General characteristics
- Class & type: Cargo
- Tons burthen: 950 tons
- Propulsion: Sail
- Sail plan: 3-masted barque
- Complement: 20 crew

= Loch Bredan (barque) =

British sailing ship known for 1903 disappearance

Loch Bredan was a British sailing ship built in Glasgow in 1882 which disappeared without trace with all hands around November 1903.

==History==
The Loch Bredan was a steel-hulled barque of the "Loch" ships of the Sproat Line of Liverpool designed as an ocean-going cargo ship. She first arrived in Australia at Watsons Bay, Sydney on 25 November 1891, having left Antwerp on 11 August under command of Captain R. Cumming.

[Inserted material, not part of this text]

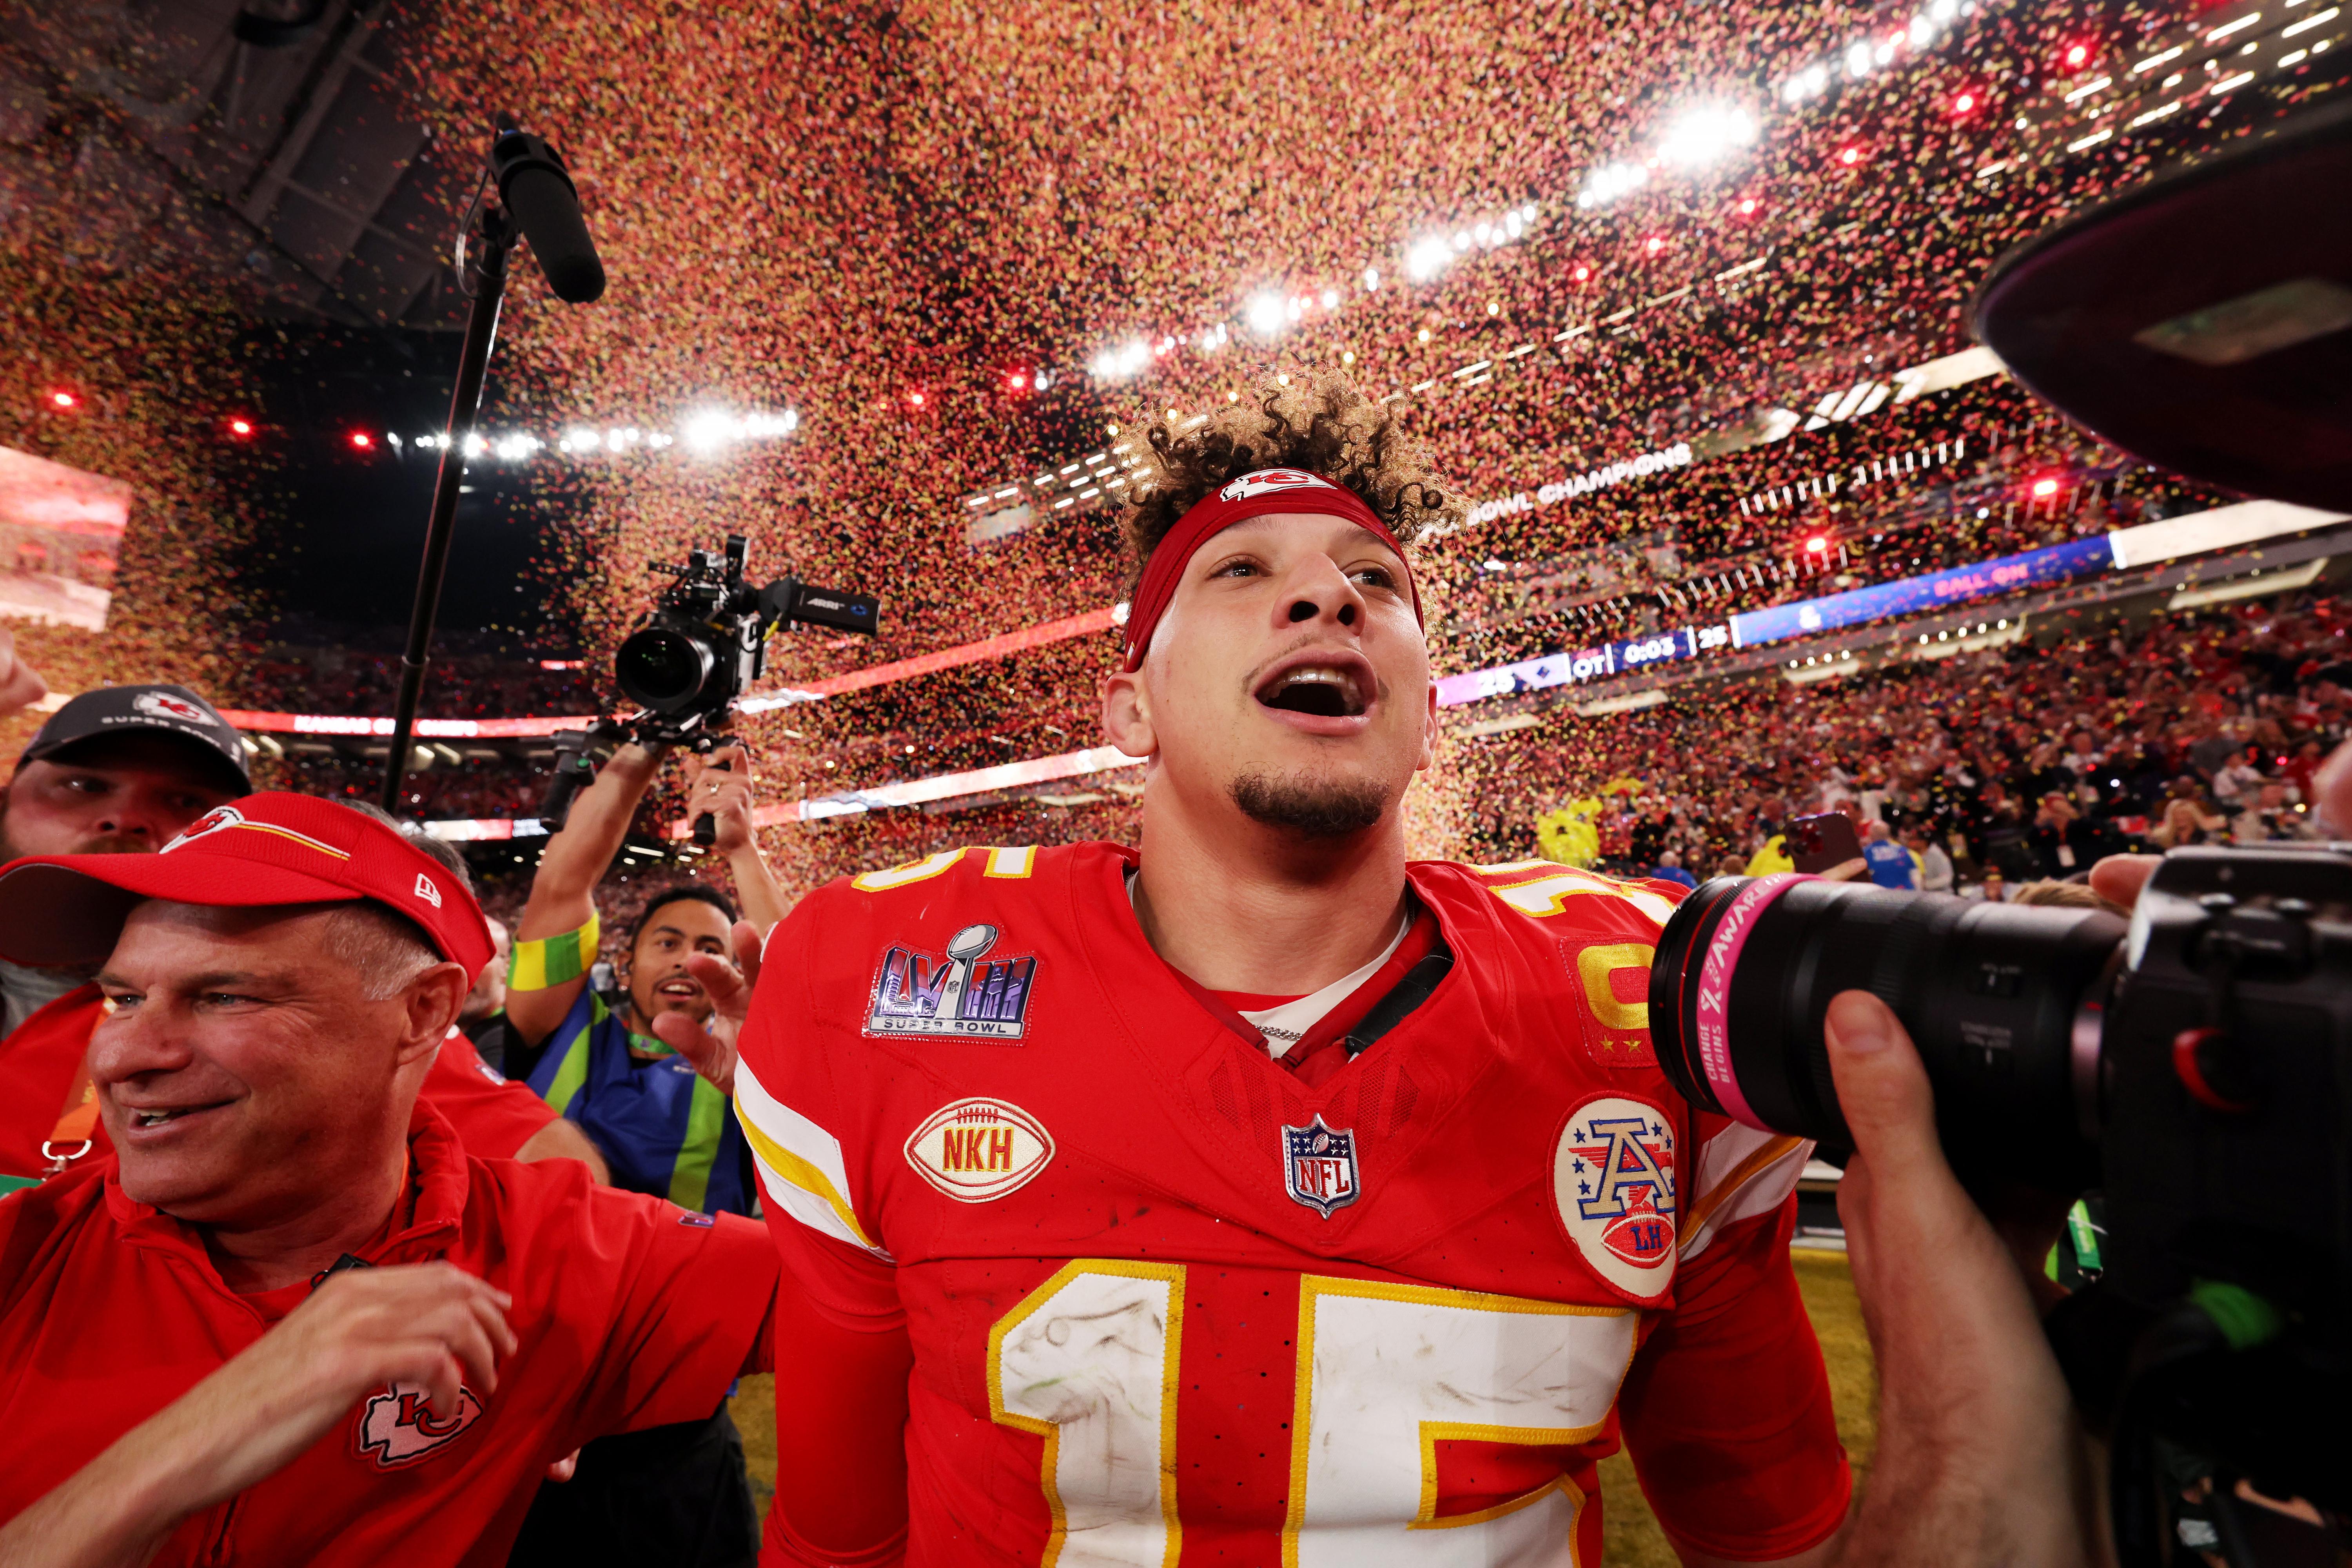 Patrick Mahomes gapes as he walks on the field, surrounded by cameras, red and yellow confetti falling behind him.

In 1902 she was forced to return to port a fortnight after leaving Sydney on her return journey, having run into such severe weather that three lifeboats were smashed and the ship's galley stoved in.

There were grave fears for the vessel's safety on her 1903 voyage from Liverpool to Hobart under Captain T Williams, as she appeared to be around two weeks overdue. Those fears were groundless, as she had been simply held up by unfavourable weather.

==Last voyage==
She left Adelaide in September 1903, having picked up a few crew and a cargo of compressed fodder.

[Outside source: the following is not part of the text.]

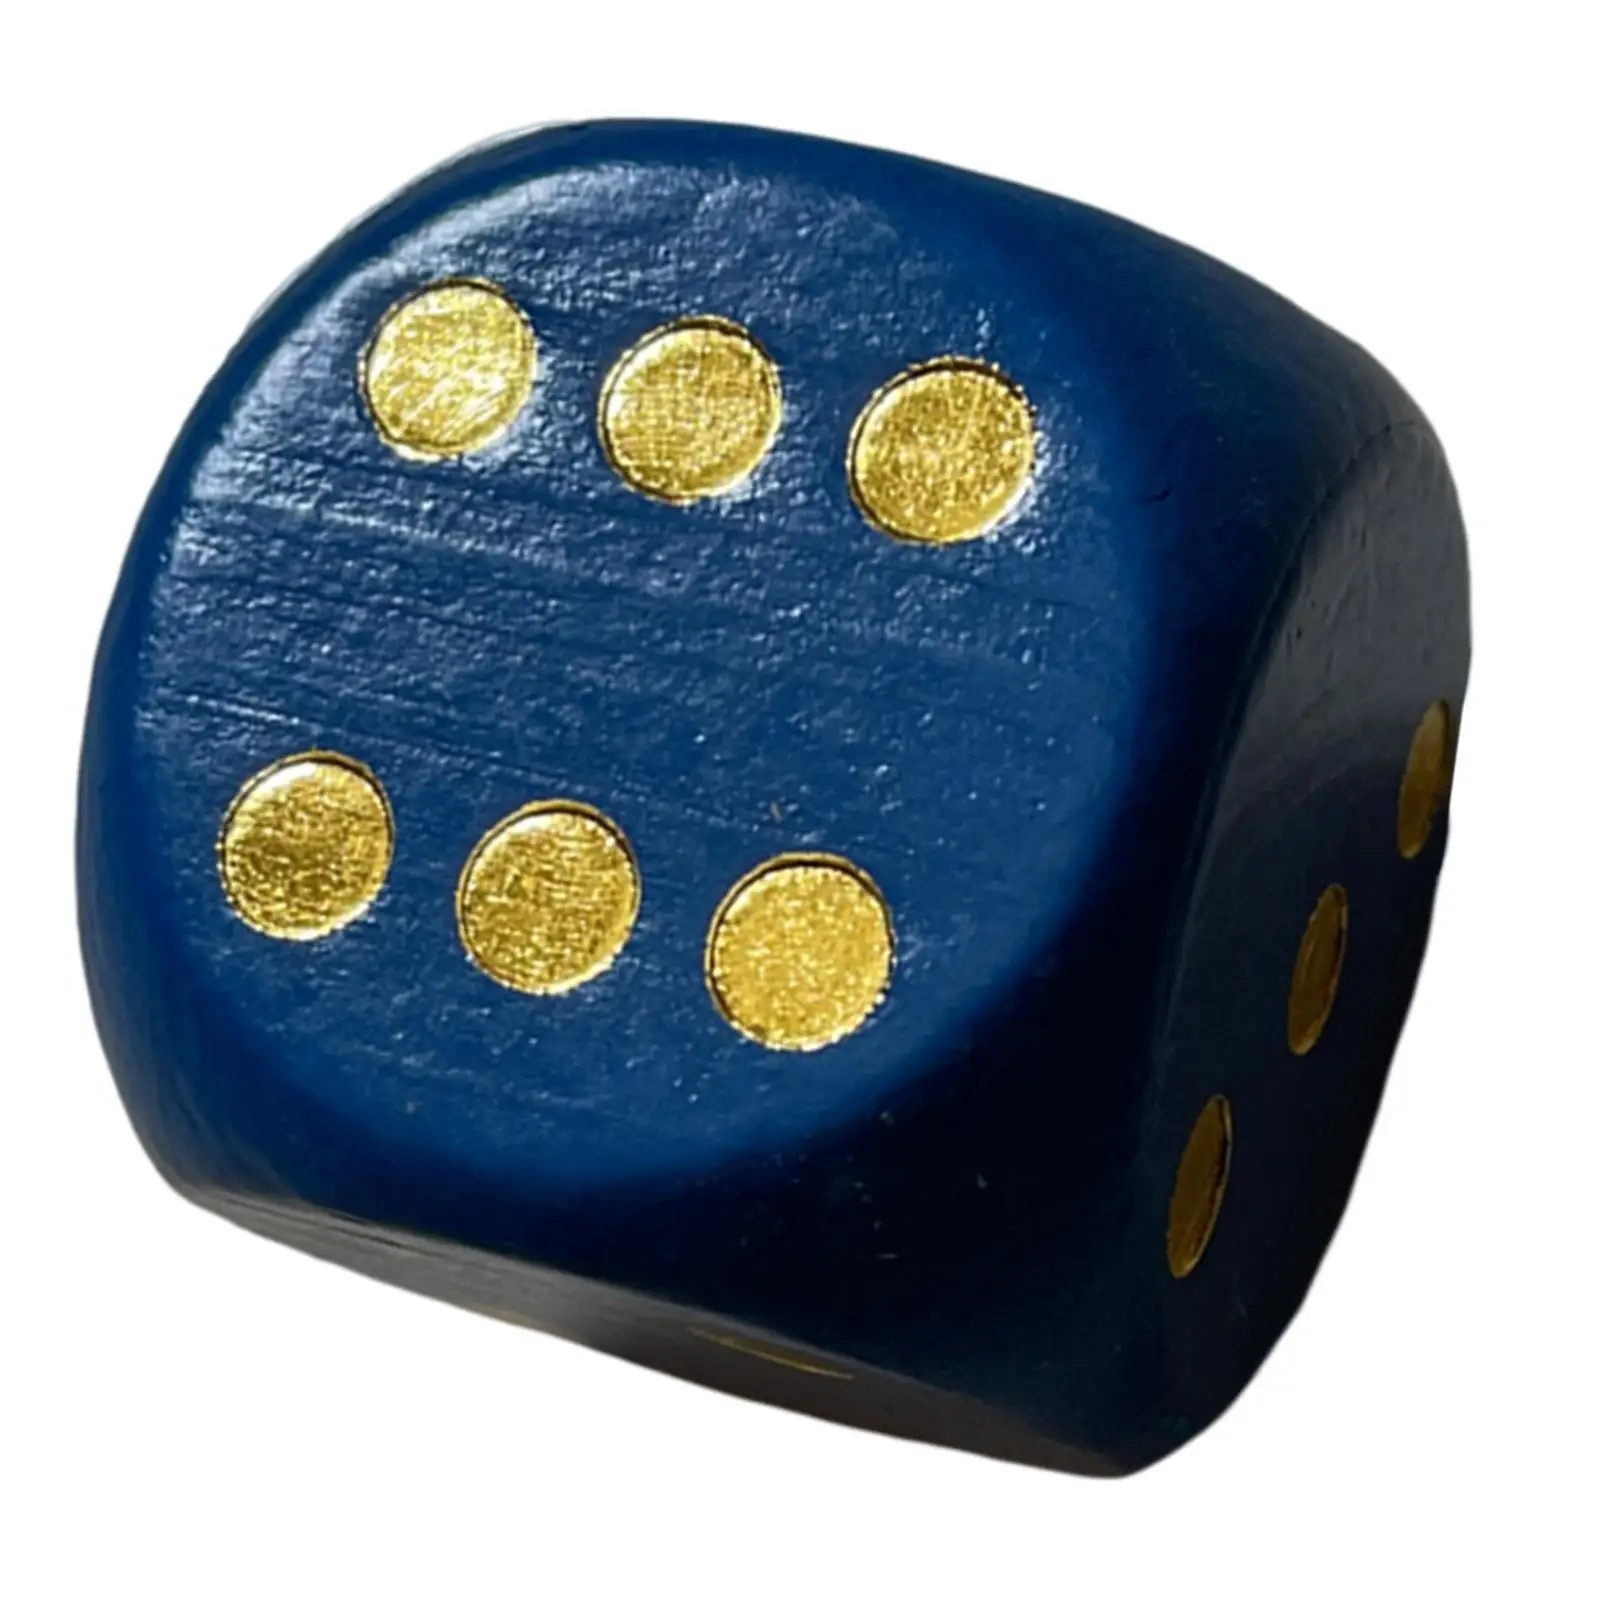 Extra Large Wooden Dice with Rounded Corner D6 Six Sided Dice 5cm Blue

In early 1904 speculation and concern about the missing ship appeared in the press.
She was never heard from again and no scrap of wreckage was ever found. The crew consisted of :— Thomas Williams (master), J. M. Scott (first mate), G. Howell (second mate), J. A. Gibbons (carpenter), C. L. Williams (sailmaker), W. Williams (cook and steward), A. Gaerkens, H. Skinner, D. Friel, T. Williams, T. T. Gunn, J. L. James, G. Hartfield, L. J. Monoghan, C. Burns, S.Thomas (boy). The captain's wife (Mrs. Williams) was also on the articles as stewardess. Five men: N. M. McKenzie, F. Bucknall. R. Leppar, C. Nelson, joined the vessel at Port Adelaide. F. Bucknall was the son of Frederick Estcourt Bucknall, a former parliamentarian, brewer and real estate developer who lost his fortune in a recent recession.